Canada forms the second largest CTD market in the world, after Alaska. Since Gulf Canada drilled the first well there in 1992, operators have drilled about 170 horizontal and more than 1,000 vertical wells. The three most active areas are Alberta, southeast Sas- katchewan, and northern British Columbia.

In contrast to the Prudhoe Bay wells, where CTD drillers target discrete reservoirs using through-tubing techniques, Canadian operators typically top-set casing just into the pay zone with a conventional rotary rig. Next, they drill out the shoe, complete the build section, and drill the well horizontally and underbalanced with a CTD rig.

Brian Heikkinen, technical sales representative for Nowsco-Fracmaster, says underbalanced drilling is necessary for three reasons. First, many of the formations, such as the Jean-Marie in British Columbia, are fluid sensitive.

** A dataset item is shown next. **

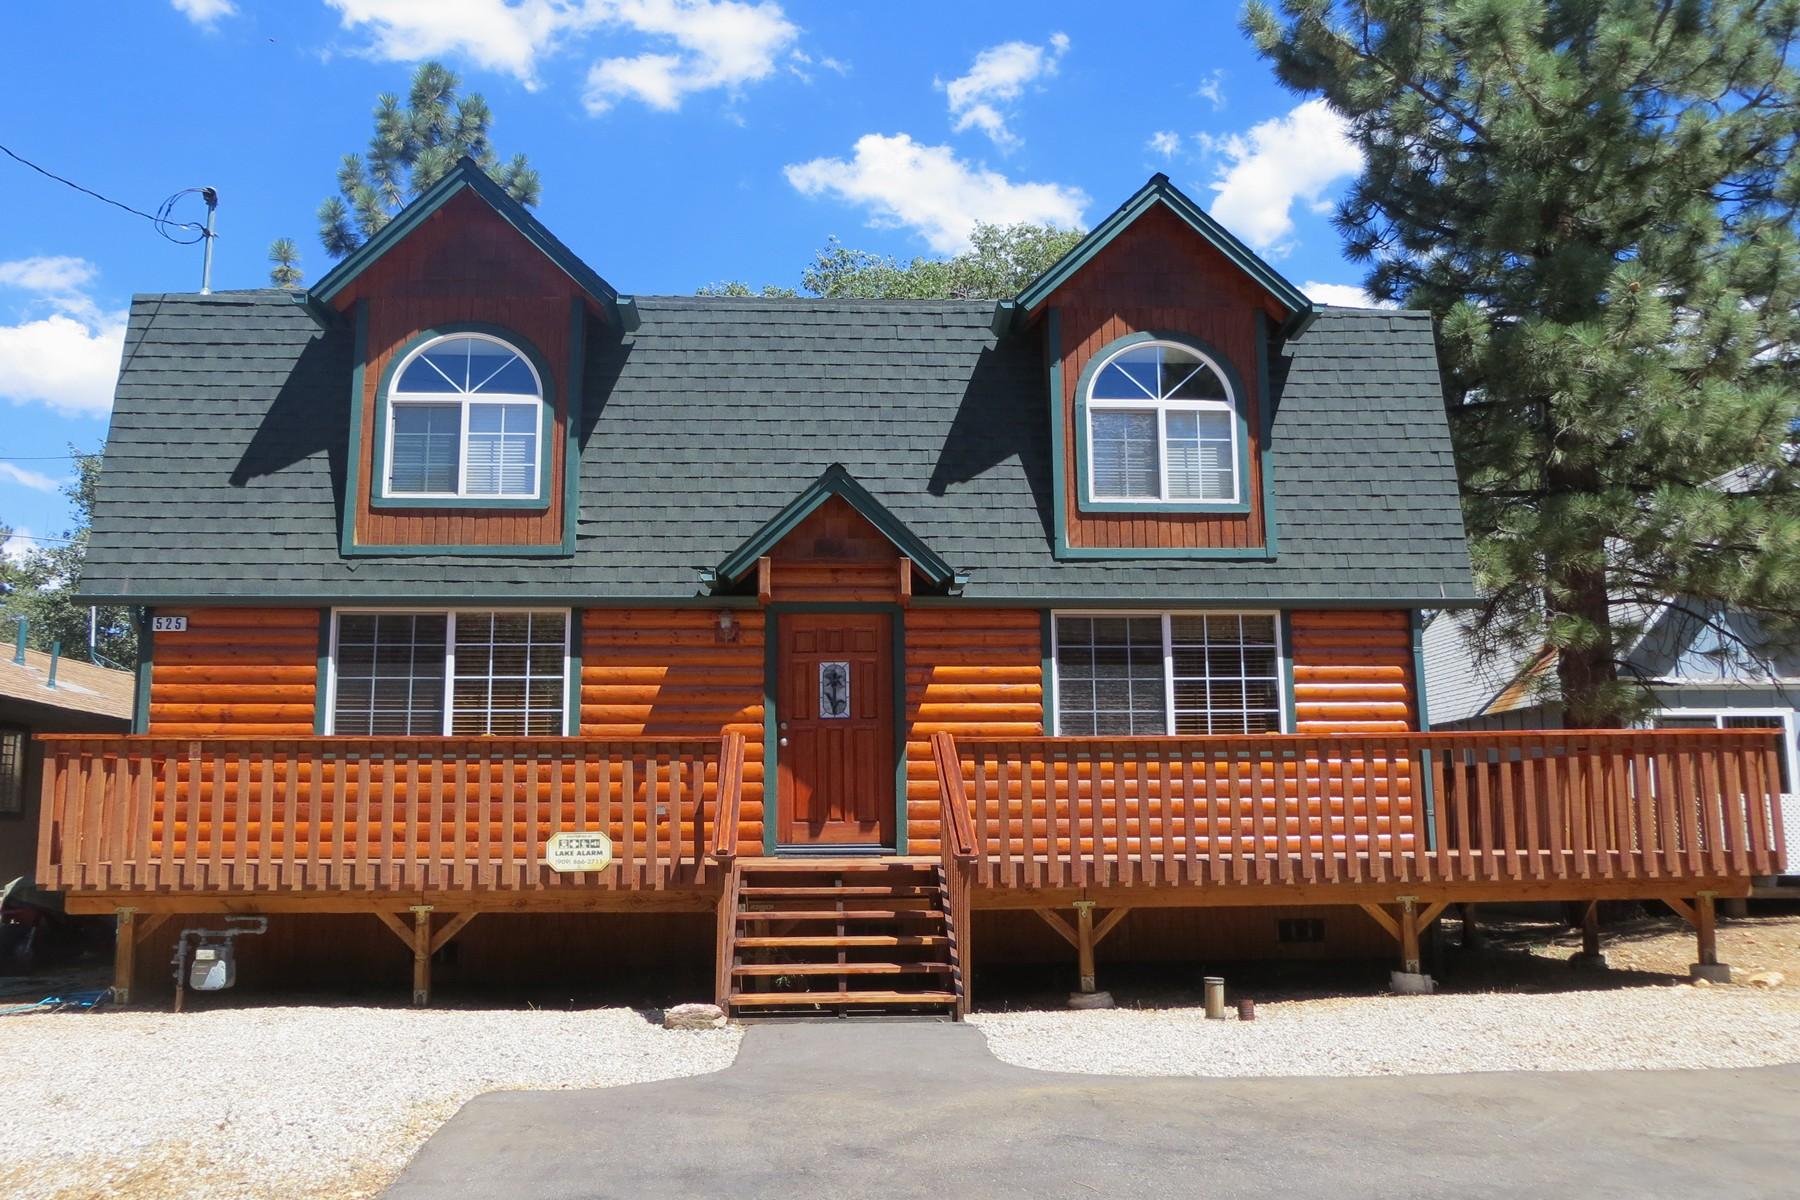 Nhà ở một gia đình vì Bán tại 525 Santa Barbara Ave. Sugarloaf, Ca. 92386 Sugarloaf, California, 92386 Hoa Kỳ

Second, some fields, including the Sanex in North Alberta, are pressure depleted or fractured. Finally, the presence of sour gas, found in the reservoirs of Central Alberta, presents a safety hazard. "With CT, workers remain 80 ft away from the well. There is no handling of tool joints on the rig floor."

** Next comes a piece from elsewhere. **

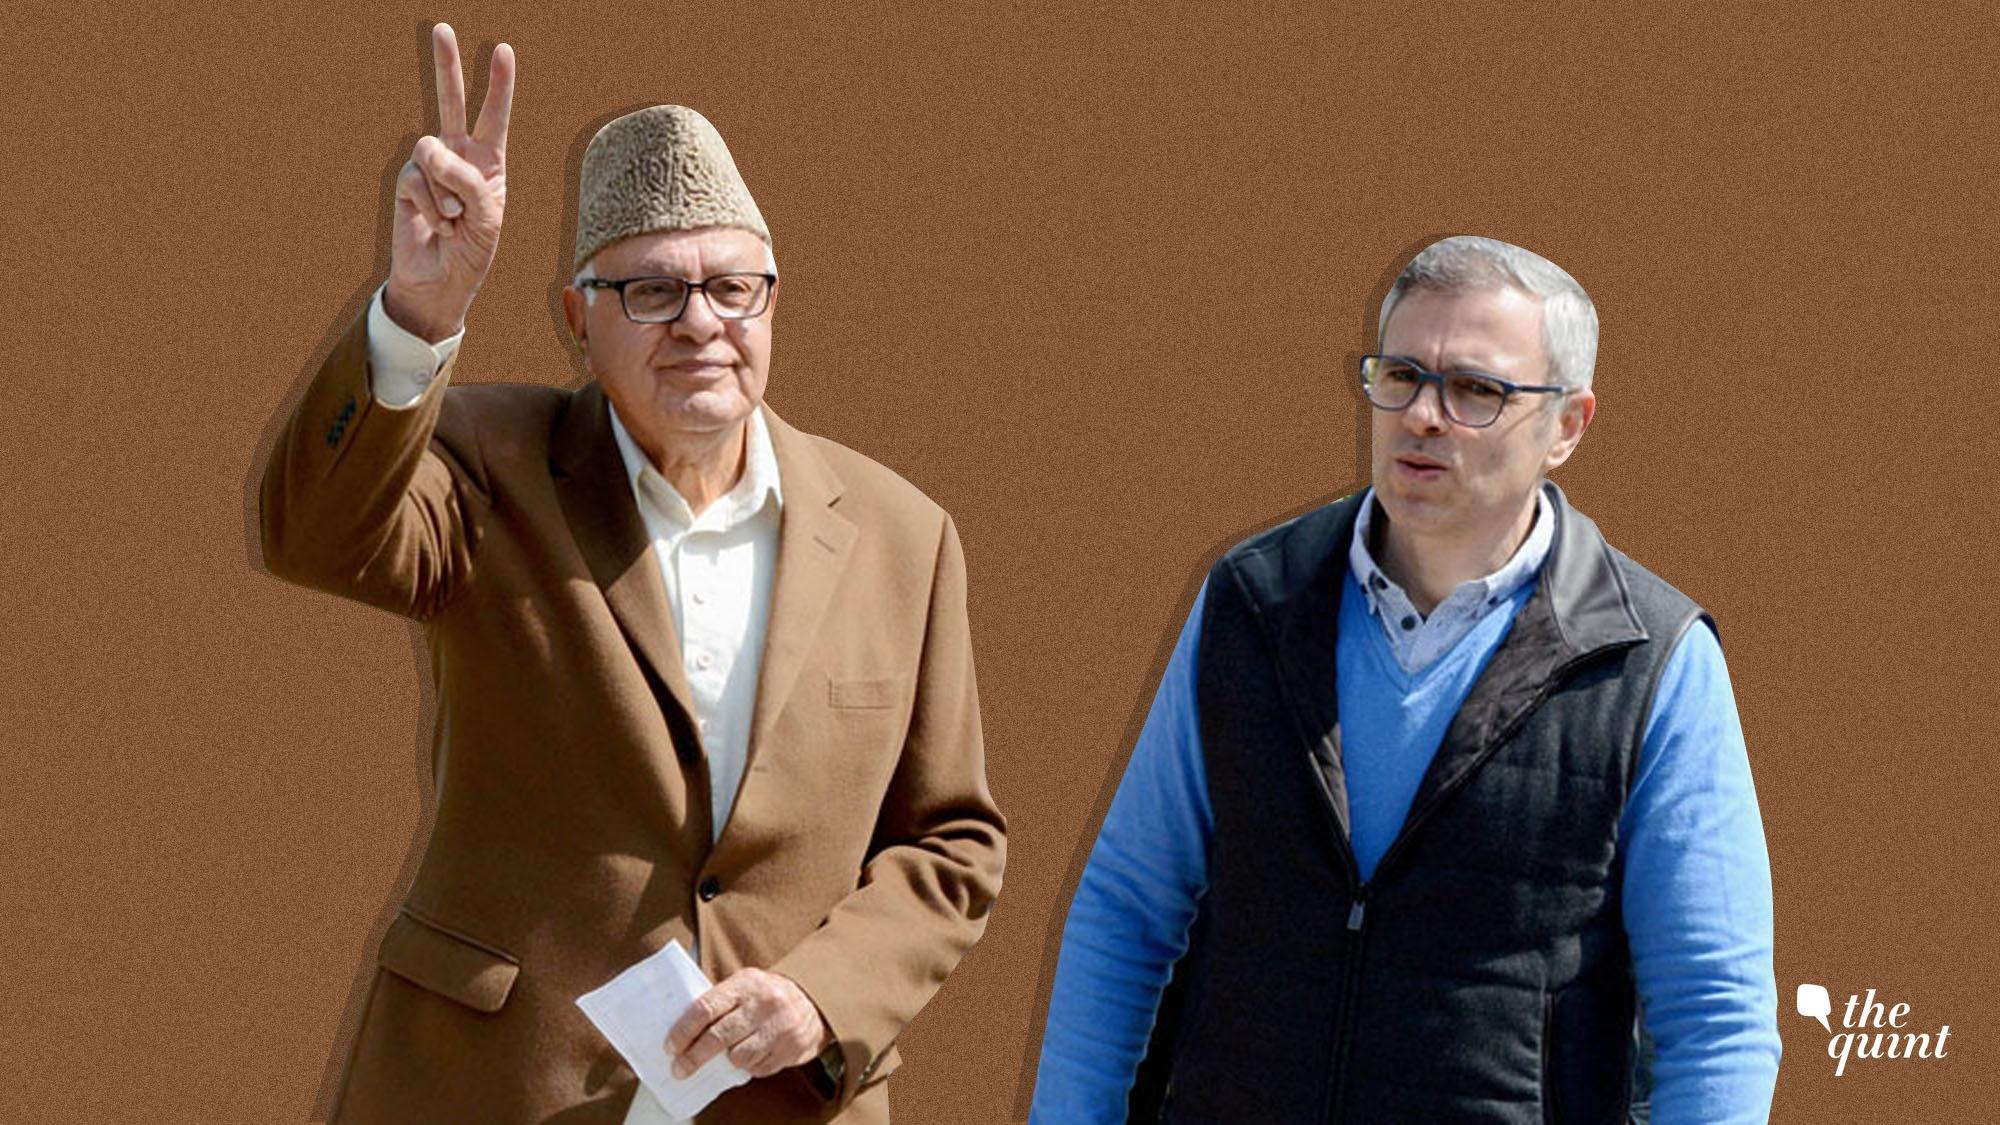 NC Chief Farooq Abdullah Wins Srinagar Seat by Over 70,000 Votes

Another distinction of the Canadian CTD market is that most operators are large independents, including Crestar, Apache, Petro-Canada, Norcen, and Burlington Resources (Po- co); whereas the Alaskan market consists mainly of major oil companies.

Development barriers

Although companies like ARCO, PDO, BP Amoco, Shell, and NAM have achieved promising results with CTD, industry-wide acceptance has yet to take place. For example, at the end of 1999, only 8-10 CTD units were actively drilling out of a potential fleet of 50-100.

Yet some specialists still question the approach the industry takes towards the development of this promising technology, feeling instead that many operators lack the patience to advance CTD applications along the learning curve.

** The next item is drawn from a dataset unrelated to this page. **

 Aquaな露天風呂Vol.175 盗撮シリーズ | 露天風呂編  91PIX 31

"The reason CT programs haven't been more successful is that most companies only drill one to two wells at a time," Hightower says. "Thus, every time they restart a project, they have to relearn the CTD process all over again."

Reference

  1. Van Venrooy, J., et al., "Underbalanced drilling with coiled tubing in Oman," SPE paper 57571, presented at the SPE/IADC Middle East Drilling Conference, Abu Dhabi, Nov. 8-10, 1999.